Before investing with anyone, you should investigate the person offering to sell you the investment with the Securities and Exchange Commission’s Central Registration Depository. This will tell you if the broker is licensed and if there have been disciplinary procedures against him or her. You can also check with your own state’s securities regulation office for similar information. Many investment advisers will not be required to register with the SEC, but are required to register with your individual state’s securities regulators. You can find your state’s agency by going to the website of the North American Securities Administrators Association. https://www.nasaa.org/investor-education/how-to-check-your-broker-or-investment-adviser/ Many investment advisers will not be required to register with the SEC, but are required to register with your individual state securities regulators. You should also check with the Financial Industry Regulatory Authority (FINRA) for information about the particular investment adviser. https://www.finra.org/investors/protect-your-money/ask-and-check
It is also important to remember that you should never invest in something that you do not completely understand. This was a mistake that many of Bernie Madoff’s victims made.You also may want to check out the SEC’s investor education website at www.investor.gov. Scammers can be very convincing and it may sound like there is a great opportunity for someone to make some money, but you must be careful that the person making money is not the scam artist taking yours. Additionally, investing with someone merely because you trust them because you have heard them on the radio or television is dangerous. Having the same person advise the investment and control the investment is a common thread among Ponzi schemers because it enables them to falsify documents to make the investment look profitable. Generally, for additional security it is desirable to have a separate broker-dealer act as custodian for investments chosen by an investment adviser.

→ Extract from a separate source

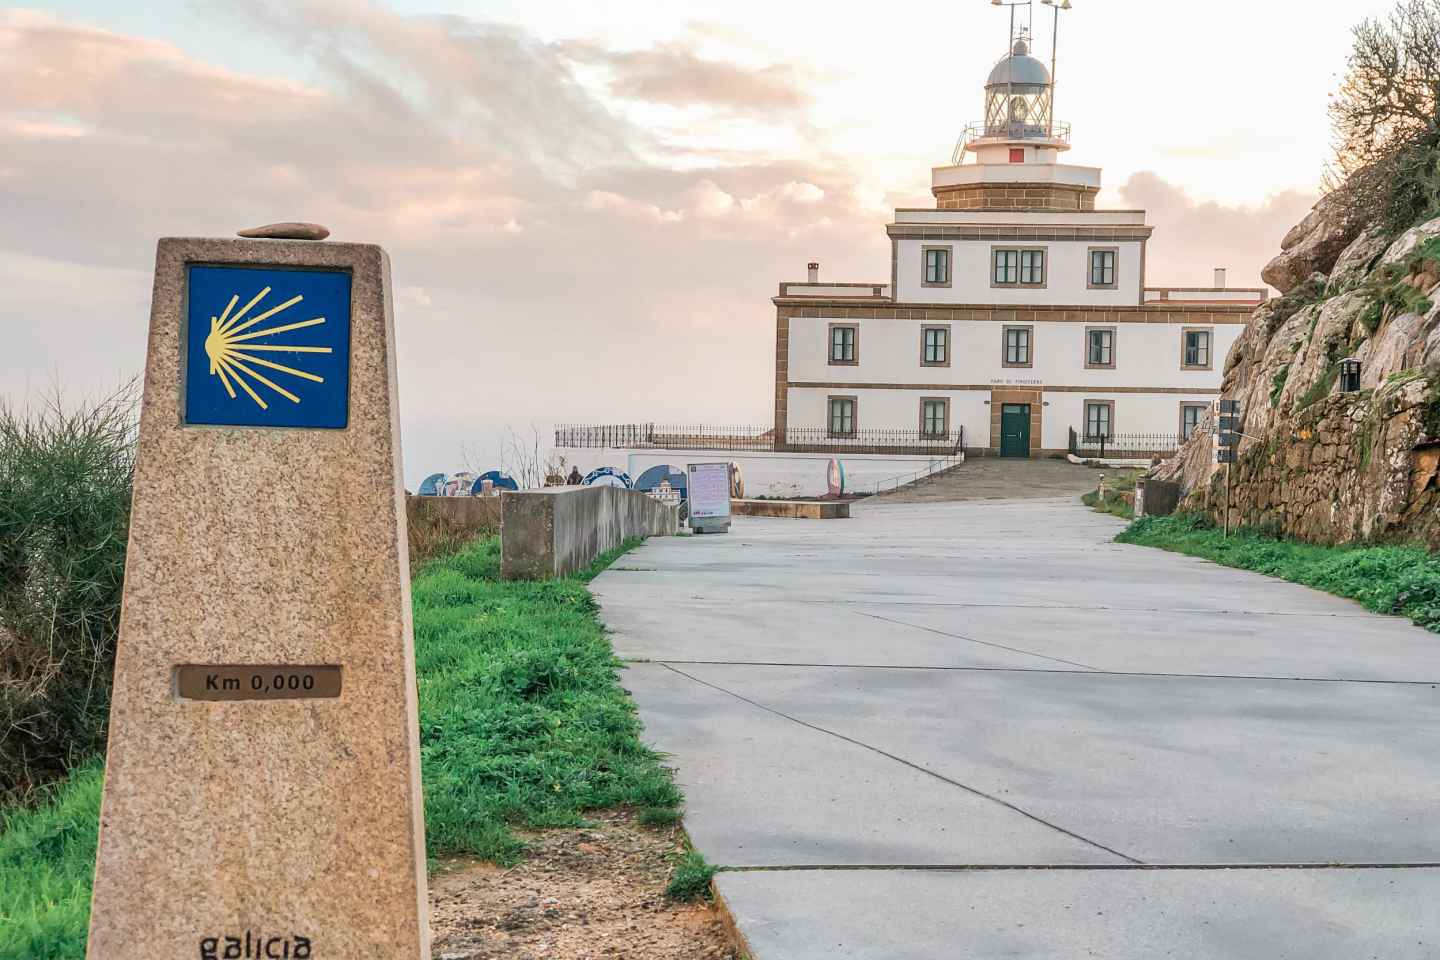 Ab A Coruña: Tagestour Costa da Morte und Kap Finisterre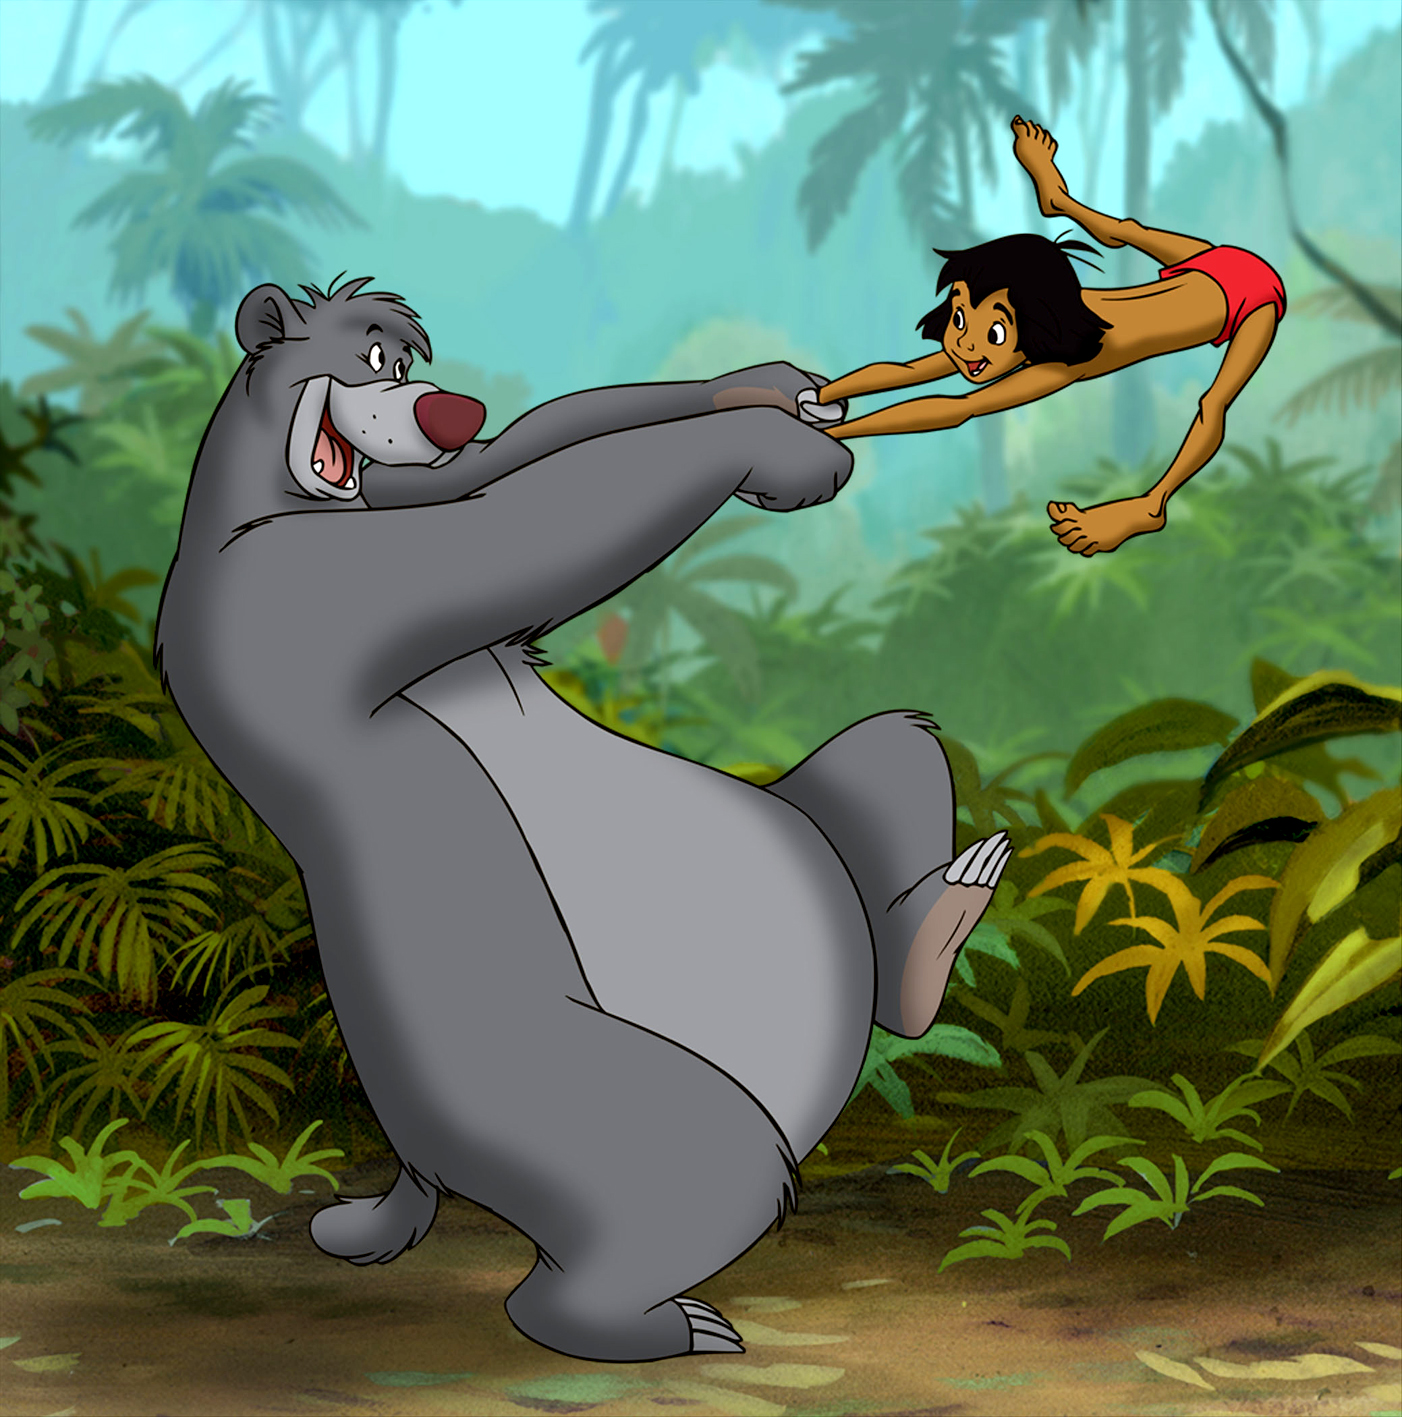 Jungle book - Mowgli and baloo characters.

The lesson for investors to protect themselves from scammers such as Michael Barry Carter is to carefully review all of your financial records regularly and to monitor your credit reports regularly as well. In addition, it is always a good idea to freeze your credit at the three major credit reporting agencies. If the victims of Carter had frozen their credit, he would not have been able to get a loan in their names and if they had been monitoring their credit reports they would have discovered his crimes earlier.